Think of a car engine. Breakdowns rarely ever happen all at once. Instead, one hears strange noises or the driving “feels funny” a few days in advance. Many vehicles are fitted with sensors that can measure the heat and vibration from the engine. By capturing it in data, one can know what a healthy engine’s “data signature” looks like, as well as how it changes prior to a breakdown. That way, one can identify when a part is about to fail before it actually breaks. The car can alert the driver to visit a service station to get it repaired, as if it is clairvoyant. But we needed lots of data, needed to accept messy data, and had to give up knowing why the engine was about to break for the practical knowledge that it was, without a cause.

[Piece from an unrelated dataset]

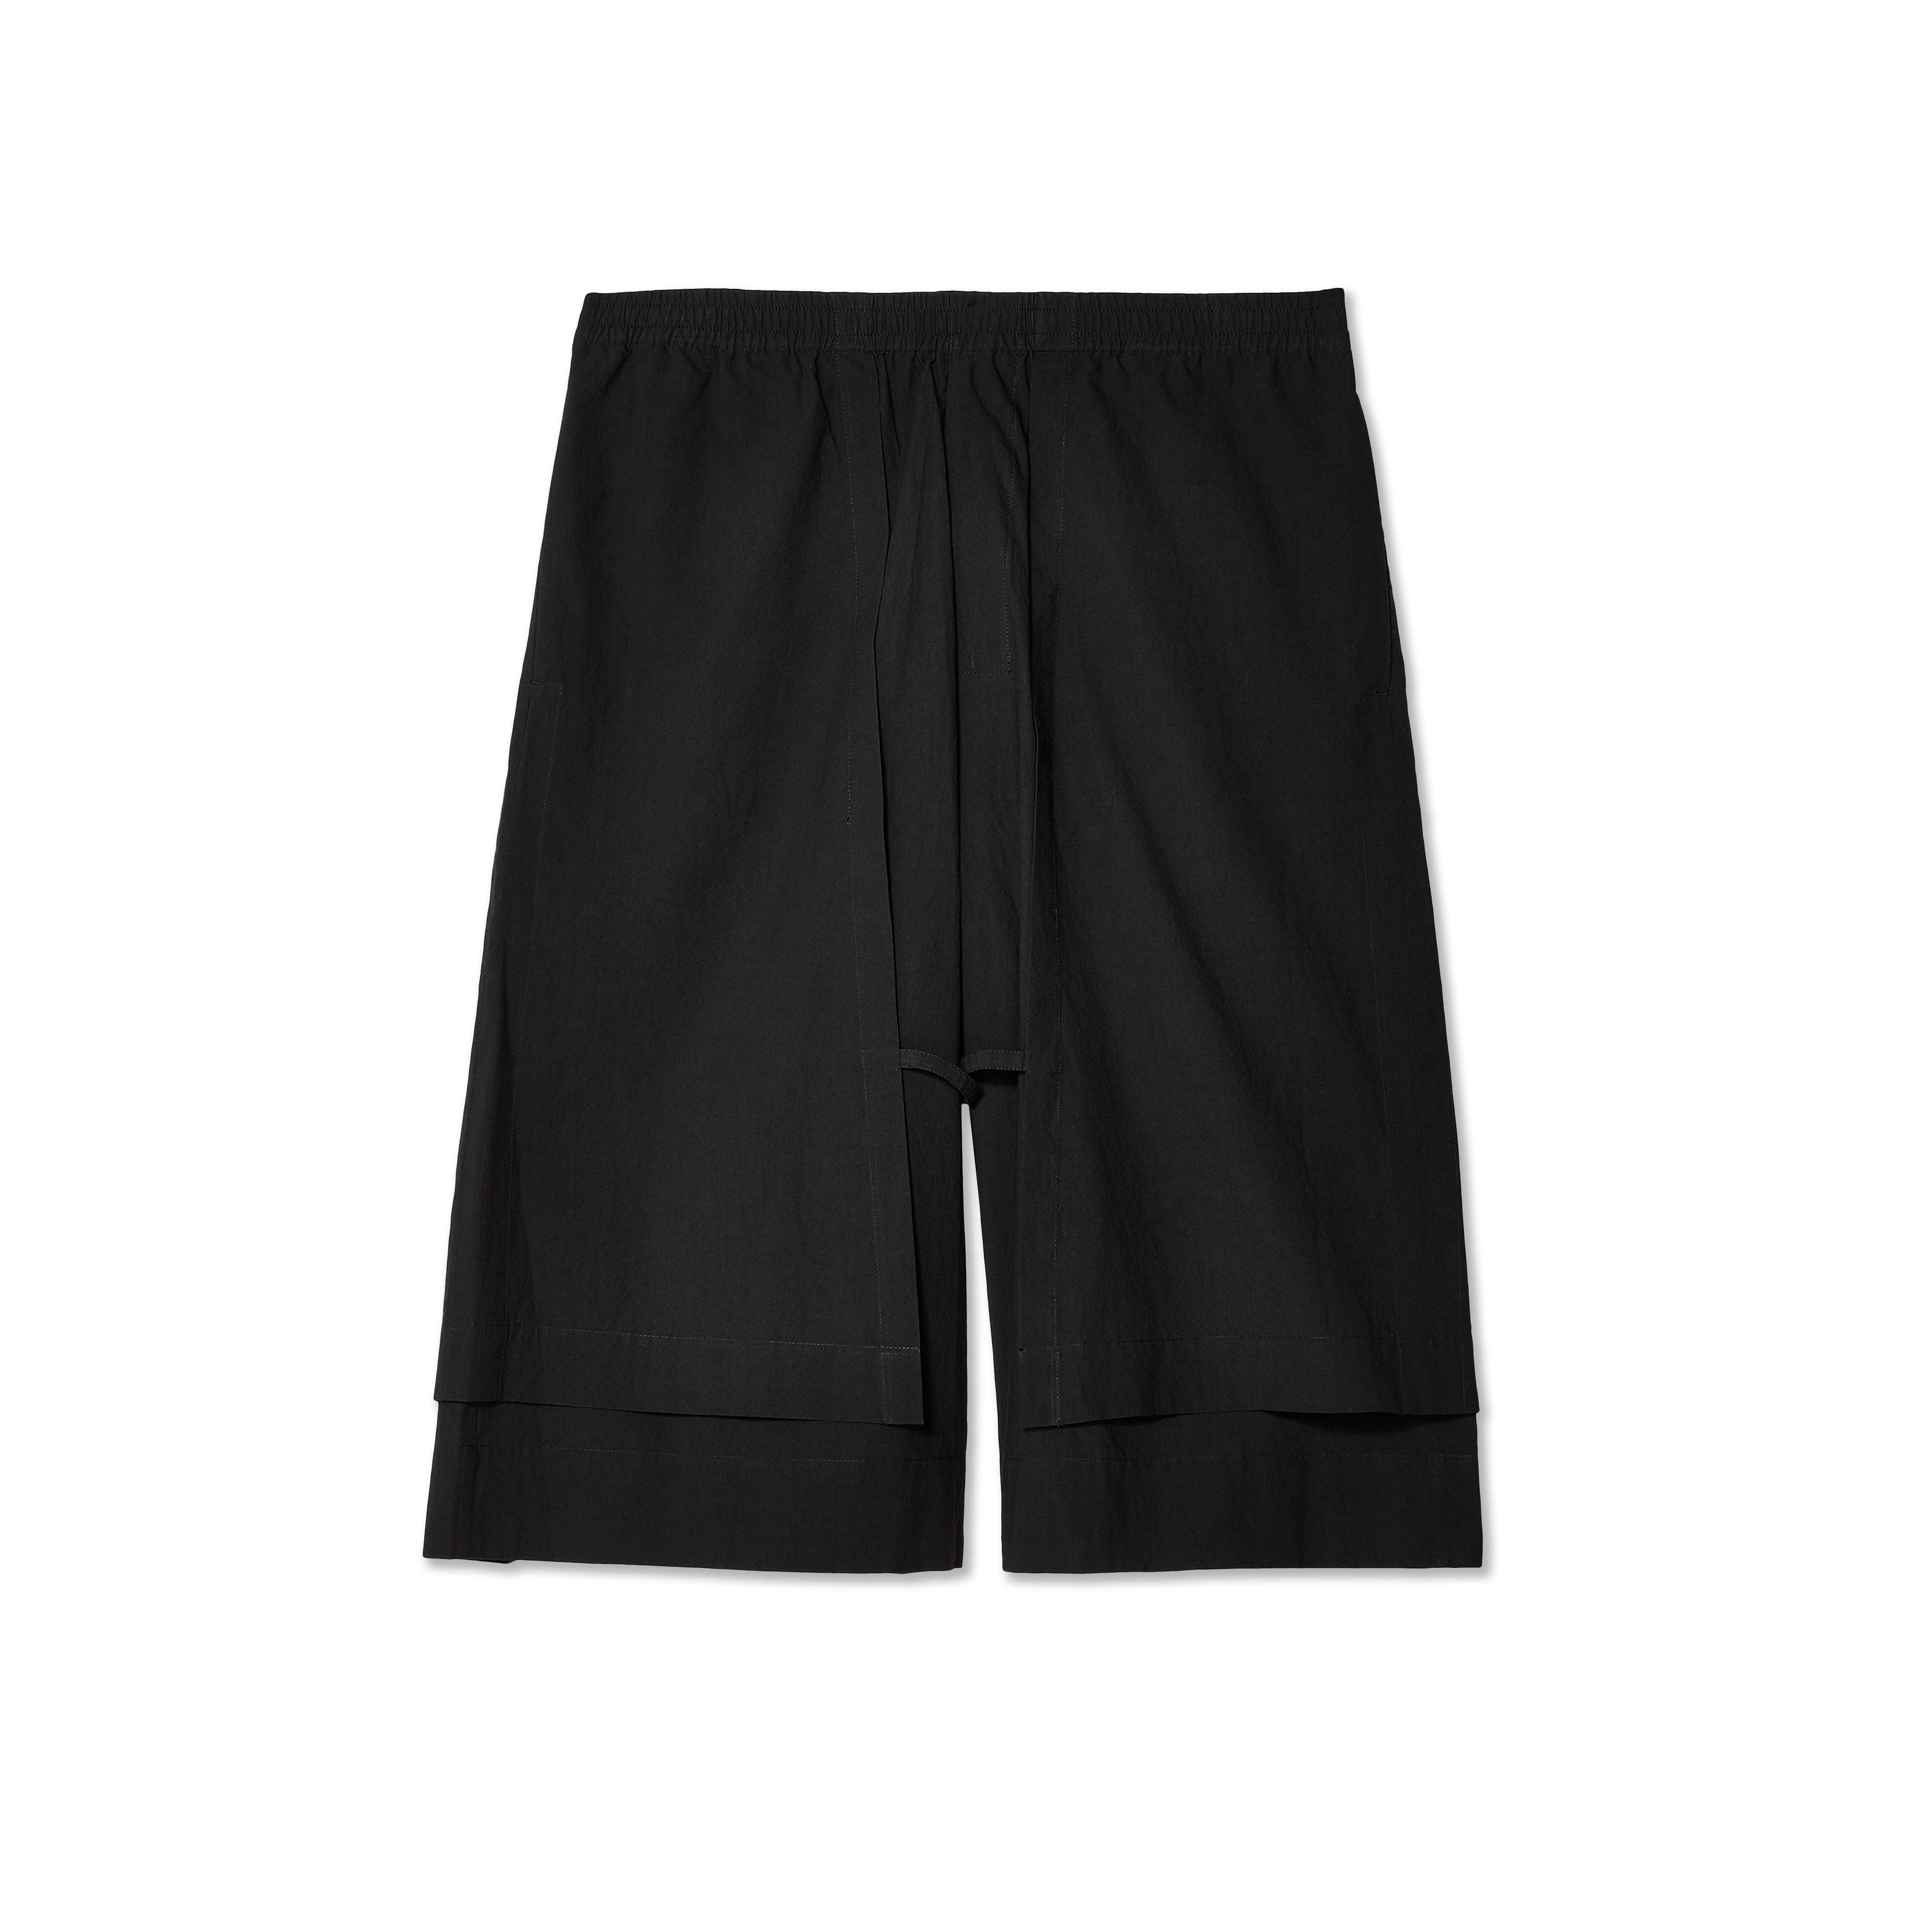 Craig Green Men's Worker Shorts (Black) by CGREEN

That’s big data. It ushers in three big shifts: more, messy and correlations (the book’s chapters 2, 3 and 4). First, more. We can finally harness a vast quantity of information, and in some cases, we can analyze all the data about a phenomenon. This lets us drill down into the details we could never see before. Second, messy. When we harness more data, we can shed our preference for data that’s only of the best calibre, and let in some imperfections. The benefits of using more data outweighs cleaner but less data. Third, correlations. Instead of trying to uncover causality, the reasons behind things, it is often sufficient to simply uncover practical answers. So if some combinations of aspirin and orange juice puts a deadly disease into remission, it is less important to know what the biological mechanism is than to just drink the potion. For many things, with big data it is faster, cheaper and good enough to learn “what,” not “why.”

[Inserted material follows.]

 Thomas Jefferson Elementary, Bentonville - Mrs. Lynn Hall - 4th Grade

A reason that we can do these things is that we have so much more data, and one reason for that is because we are taking more aspects of society and rendering it into a data form (discussed in chapter 5). With so much data around, and the ability to process it, big data is the bedrock of new companies.
The value of data is in its secondary uses, not simply in the primary purpose for which it was initially collected, which is the way we tended to value it in the past (noted in chapter 6). Hence, a big delivery company can reuse data on who sends packages to whom to make economic forecasts. A travel site crunches billions of old flight-price records from airlines, to predict whether a given airfare is a good one, or if the price is likely to increase or decrease. These extraordinary data services require three things: the data, the skills, and a big data mindset (examined in chapter 7). Today, the skills are lacking, few have the mindset even though the data seems abundant. But over time, the skills and creativity will become commonplace — and the most prized part will be the data itself.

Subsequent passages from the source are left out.